For many in Ukraine’s vibrant space sector, life as they knew it stopped on Feb. 24 when Russian tanks rolled into their country.
Their aspirations had to be put on hold, their skills and resources redirected to serve their besieged homeland. Among the companies that had to adjust their plans is Kyiv-based startup Lunar Research Service.
When the war started, the company was about to ship its first batch of nanosatellites to its Kickstarter backers. But instead, the satellites were taken apart and their components handed over to the military for use in communication equipment and drones.

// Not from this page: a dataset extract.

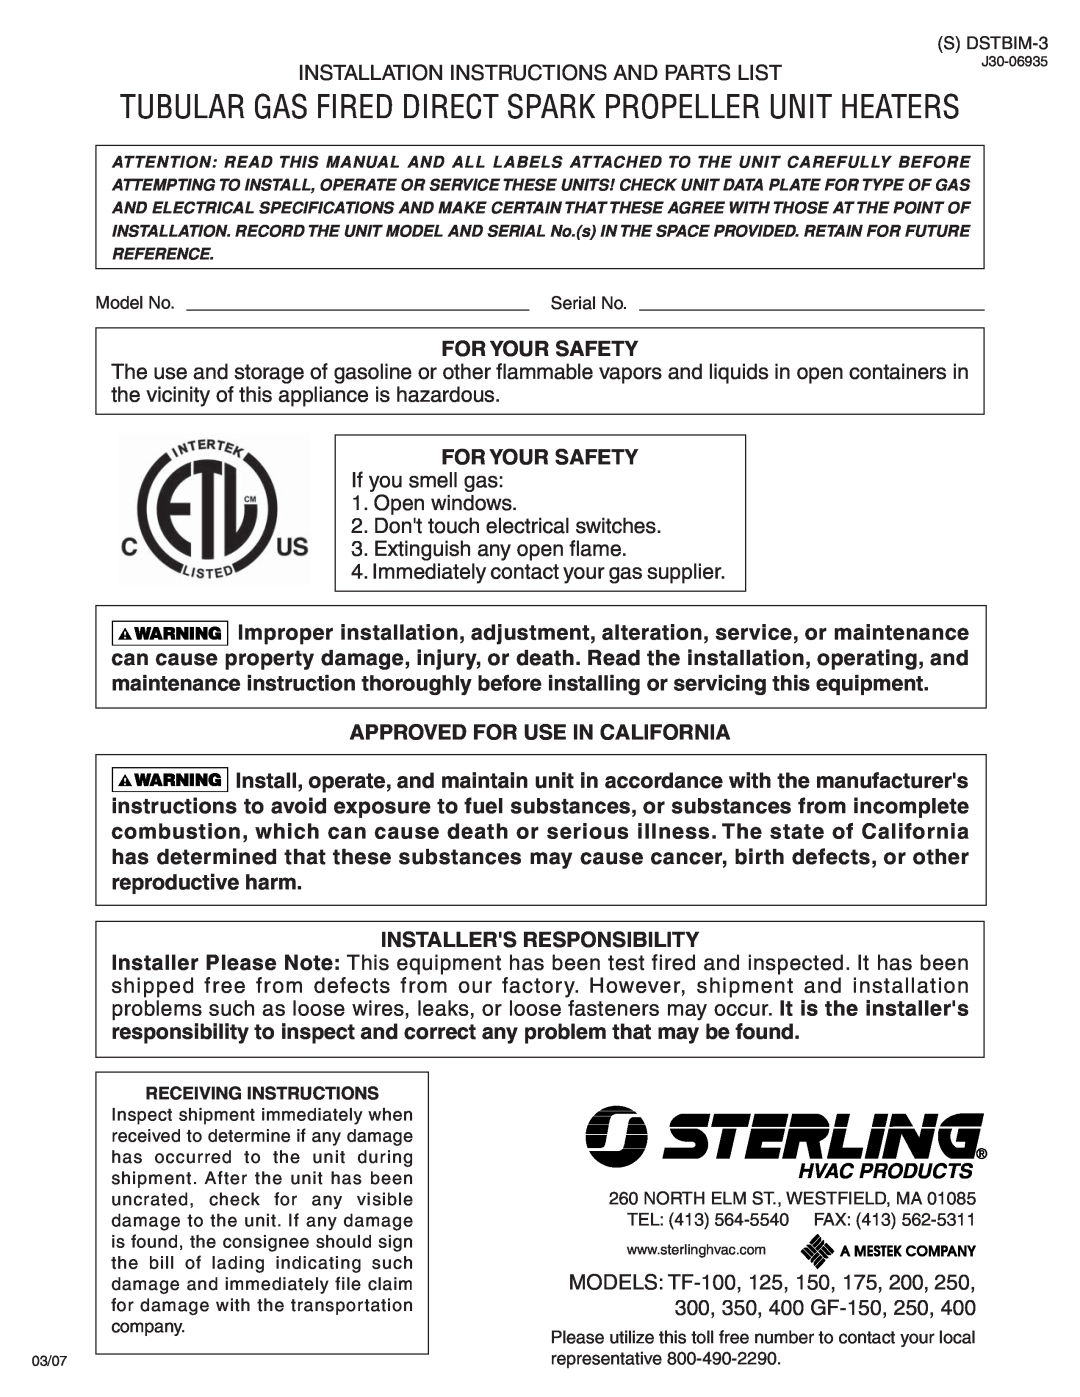 Sterling TF-150 installation instructions For Your Safety, Approved For Use In California, Installers Responsibility

The company’s 3D printers received new orders. Instead of satellite parts, they are now churning out bits for gun upgrades. Several of the company’s staff members joined Territorial Defense and Cyber Forces.
“Our CAD [Computer-Aided Design] modeling engineer Taras Moshchanskyi sits in the trench with a gun, a Vernier caliper [a tool for precise measurements], and a laptop,” the company’s chief technology officer Dmytro Khmara told Space.com. “In between rotations, he models upgrades for old Soviet AK-74 [assault rifles], which we are printing on our 3D printers.”
Also in Kyiv, aerospace PhD student Ihor suspended his studies at Ukraine’s prestigious Igor Sikorsky Kyiv Polytechnic Institute to volunteer his skills to keep military technology in shape.
“When martial law came into force last month, I was not drafted in the army since I have no military experience,” Ihor told Space.com. “But some of my acquaintances were taken to the army and said that they had big problems with various types of equipment and that there were no people that could fix it. So they recommended me and some of my colleagues to do such repairs.”